A Similarity Model of the Cooling Process of Fluids during Transportation^†

Round 1

Reviewer 1 Report

Dear authors,

your work tries to generalize the relationship between some important physical properties that are affected by the transportation of the fluids, managing to simulate the underlying complex, and not easy to describe, mathematical equations that govern this phenomenon. Your approach achieves great results, while its complexity is much looser than this of the actual problem. I have some minor issues, that i describe here:

•  your work seems easy to follow, but there are some presentation  and syntax defects. More specifically, the Section 1 needs to close with a paragraph that summarizes what follows in the next Sections, rather than the current closing.
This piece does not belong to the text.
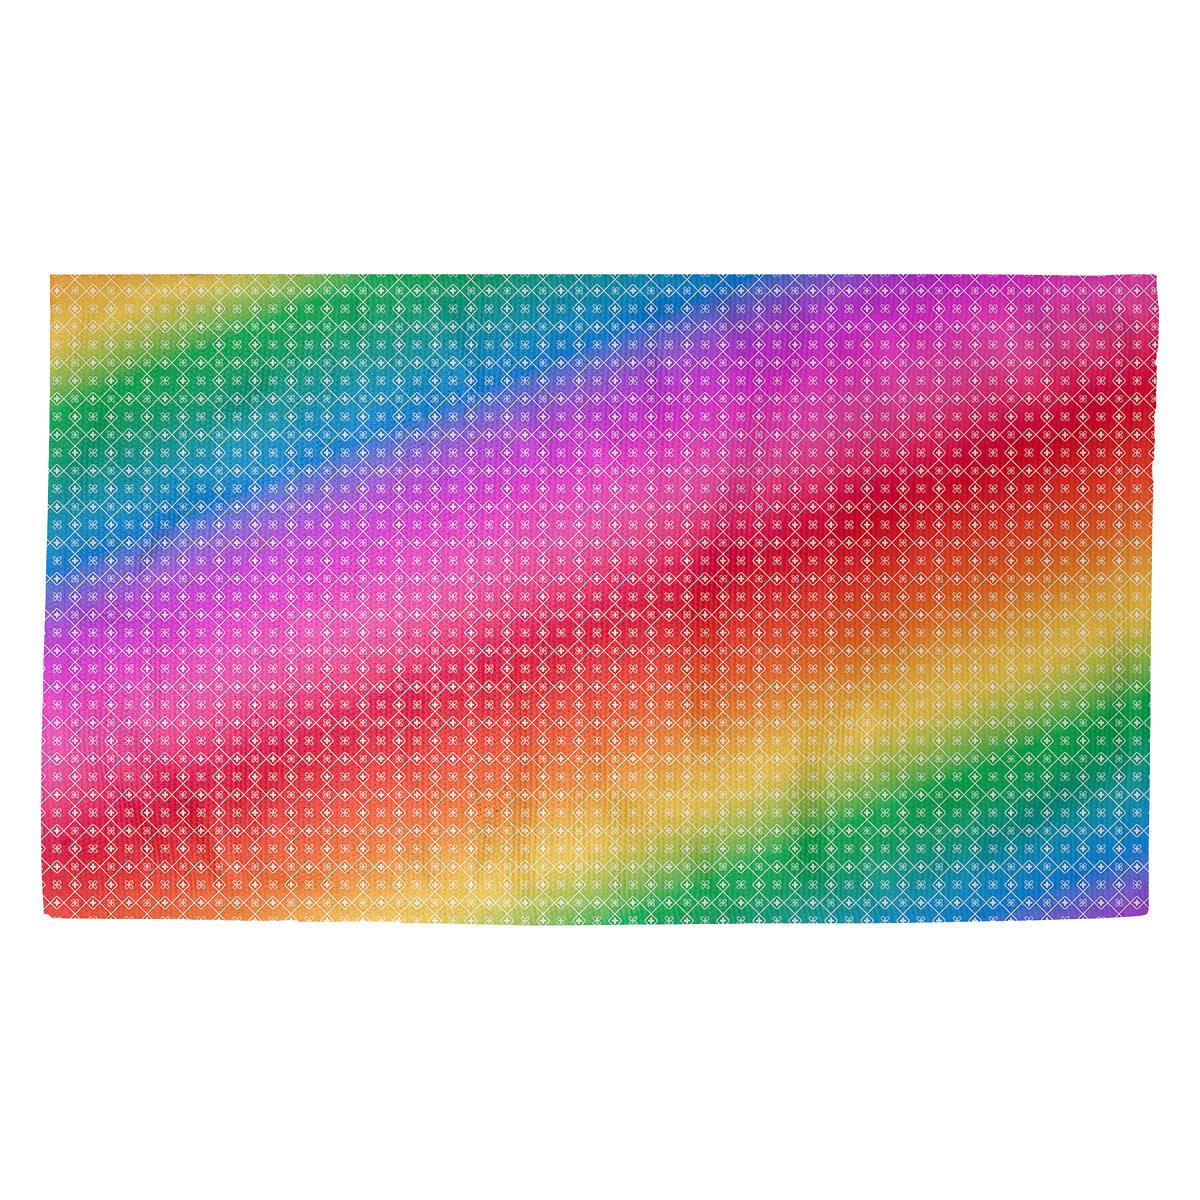 Latitude Run Avicia Doily Pink/Yellow/Green Area Rug

Please also capitalize the word Section, when you refer to manuscript's Sections.
• some related works along with their modeling approaches, or some further comments should be added in Section 2,
• System (10) cannot be presented through a matrix, but with a bracket that included the corresponding equations. Please re-write this part,
• in lines 139-141 you define some arguments and entities that are mentioned previously, in formula (6), where you do not describe them, and it is really difficult for the reader to understand it easily.
• Moreover, formulas (11) and (20) have a double notation: besides the aforementioned ordering, they also have another one, mentioned as (1) and (2). Please be more careful with such mistakes.
• The figures 3,4, and 5 also seem too simplistic. You could either provide more curves from additional simulations, or provide curves that come from different models or similar assumptions, either more simplified or less ones.
• Finally, during the regression task that you solved, how was actually used the mentioned number of recordings (972) ? Did you make any train/test split for getting these metrics? Please provide some further comments, and discuss or mention in the conclusions that other regression models could also be exploited. Since this model seems to be captured easily by a few labeled data, some semi-supervised regression methods could be exploited: https://doi.org/10.1016/j.patrec.2019.07.022.

Author Response

The comments to the reviewer questions are in attached.

Author Response File: Author Response.pdf

Reviewer 2 Report

The paper presents a detailed and well-qualified study. I suggest accepting the paper as it is.

Author Response

Review – no comments to present.

Reviewer 3 Report

In the reviewer's opinion, the paper cannot be accepted as it is for publication. Strong improvements are required from the authors. Please find in the following the reasons of this harsh suggestion.

• Innovation from the present paper is not clear at all; the authors are presenting a problem which is rather simple to be solved from both equations and numerical predictions point of views,
• Please provide details about governing equations, and rearrange also boundary conditions and numerical solution description referred to the problem here investigated (section 4). This is mandatory to let the paper considered for publication,
• For a cylinder, Eq. (1) should not be 4*d? Are the authors considering layer thickness too?
• How did the authors model the upper part of the tank in Fig. 1? Are they neglecting interpenetration (i.e., evaporation then air humidity change) between the two fluids?
• Please describe to which fluids (or, equivalently, temperature ranges) are the viscosity investigated making references (see Fig. 3)

Author Response

The comments to the reviewer questions are in attached.

Author Response File: Author Response.pdf

Round 2

Reviewer 3 Report

The paper can be accepted for publication